When my husband and I searched for a house, we looked at dozens in Mandan, hoping to remain “in the West.” But alas, the house we knew was the best fit for us was in Bismarck, so we capitulated. Nonetheless, we are just a half-mile on the east side of the Missouri River, so I think the argument is strong that we are still in the western part of the United States. Certainly, we are west of the 100th meridian. So that is settled.
As Henry David Thoreau wrote, “westward I go free.”
We find that we also tend to do most of our traveling in the western portion of the U.S. or Canada. Sometimes we have to simply resolve to go east, to see family and sites in the East we want to see and to fulfill our goal of visiting all of the national parks.
Back to my adventure. I hardly needed a map for traveling this landscape, as I know it so well. But since I did venture on some new ground, I consulted Google Maps a time or two.
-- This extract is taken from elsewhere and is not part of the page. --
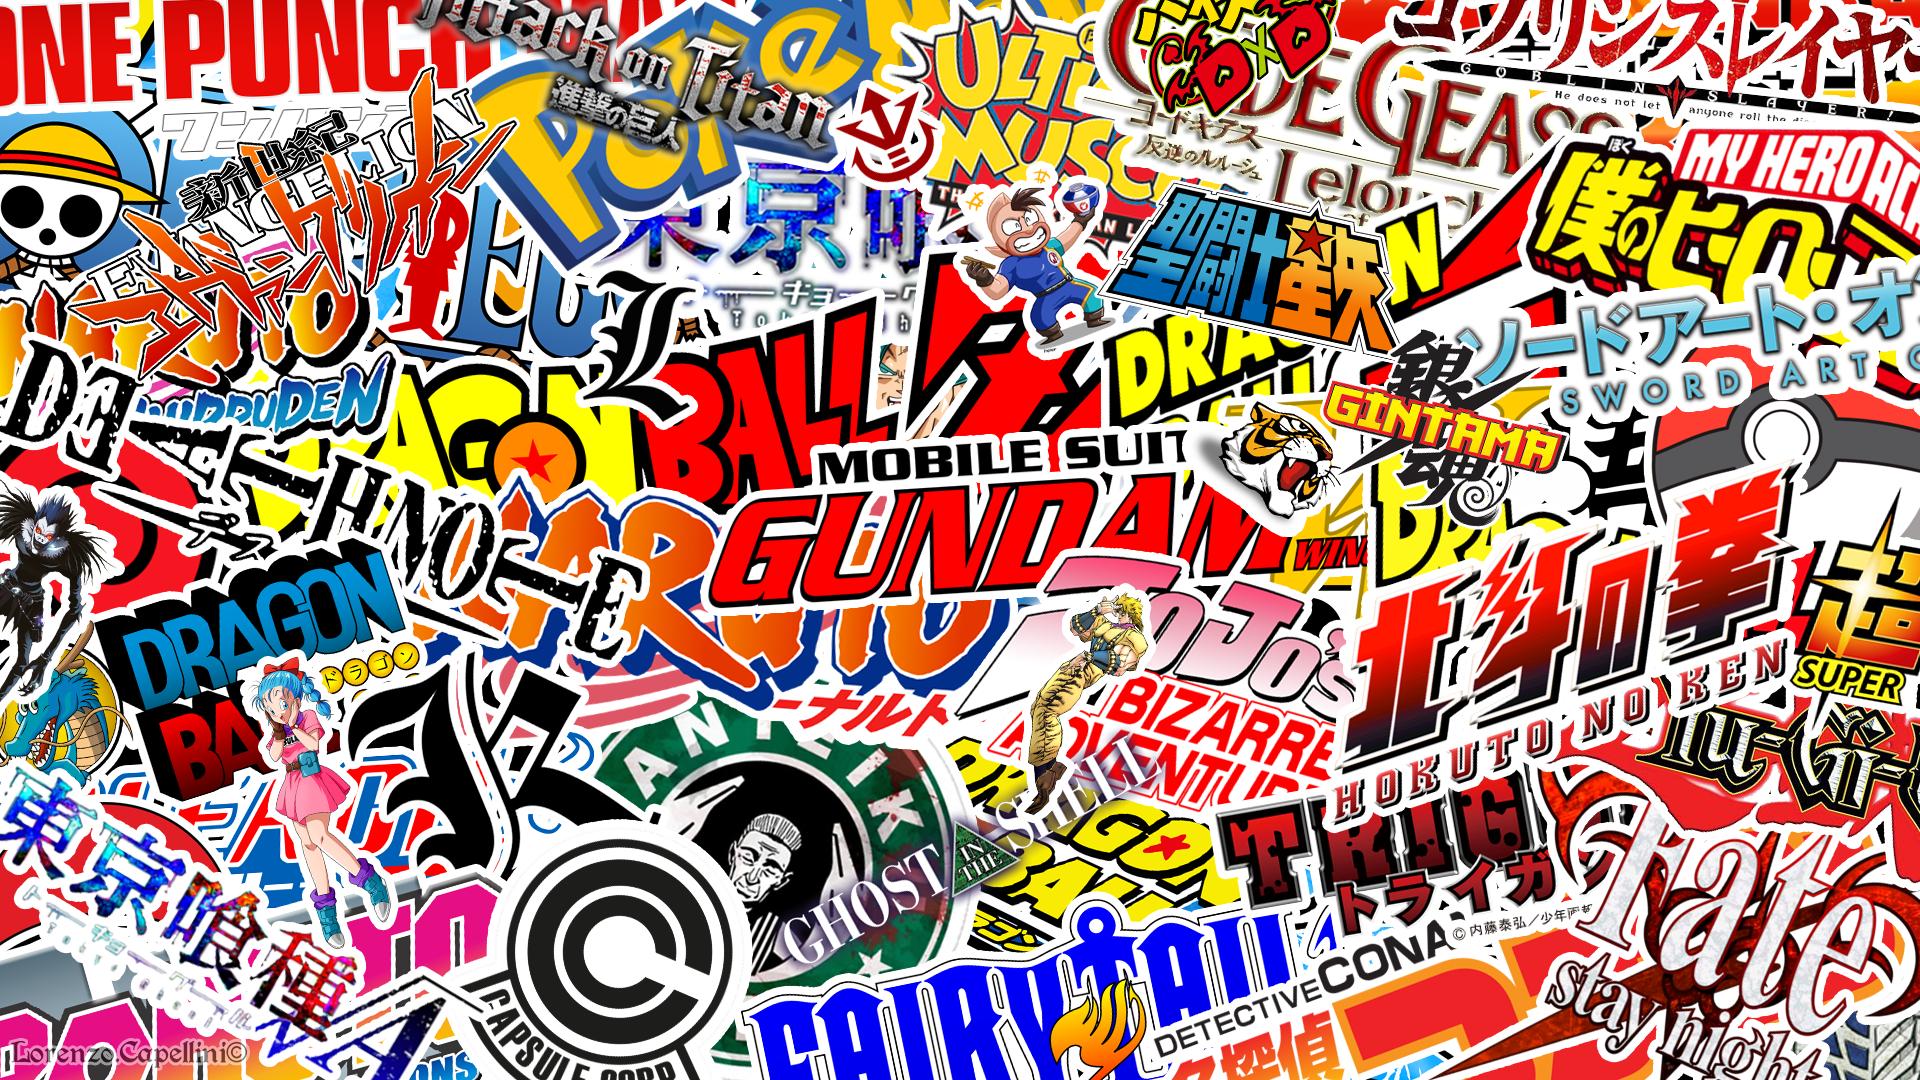 Anime logos Wallpaper sticker bomb style 19201080 Animewallpaper 1920x1080

As I drove along, I crossed well-known rivers, the Cannonball, the Grand and the Moreau.
Near the South Dakota border, I began to see lark buntings. On the seat next to me, I had a box of CDs to listen to and snacks. Memories flooded back to me of trips to the Black Hills in our family Ford LTD, listening to the Carpenters on an eight-track tape, singing along to pass the time. Today it was “Abbey Road,” Roseanne Cash and the Dixie Chick’s “Wide Open Spaces.”
The landscape changed from agricultural to native prairie, and east of Faith, S.D., I spotted this year’s first (for me) upland sandpiper. The sere landscape was a testament to the severe drought the Great Plains is experiencing. How wonderful it was to be in a car, alone, driving across the big open, with the knowledge that at the end of the day, I’d be with a good friend.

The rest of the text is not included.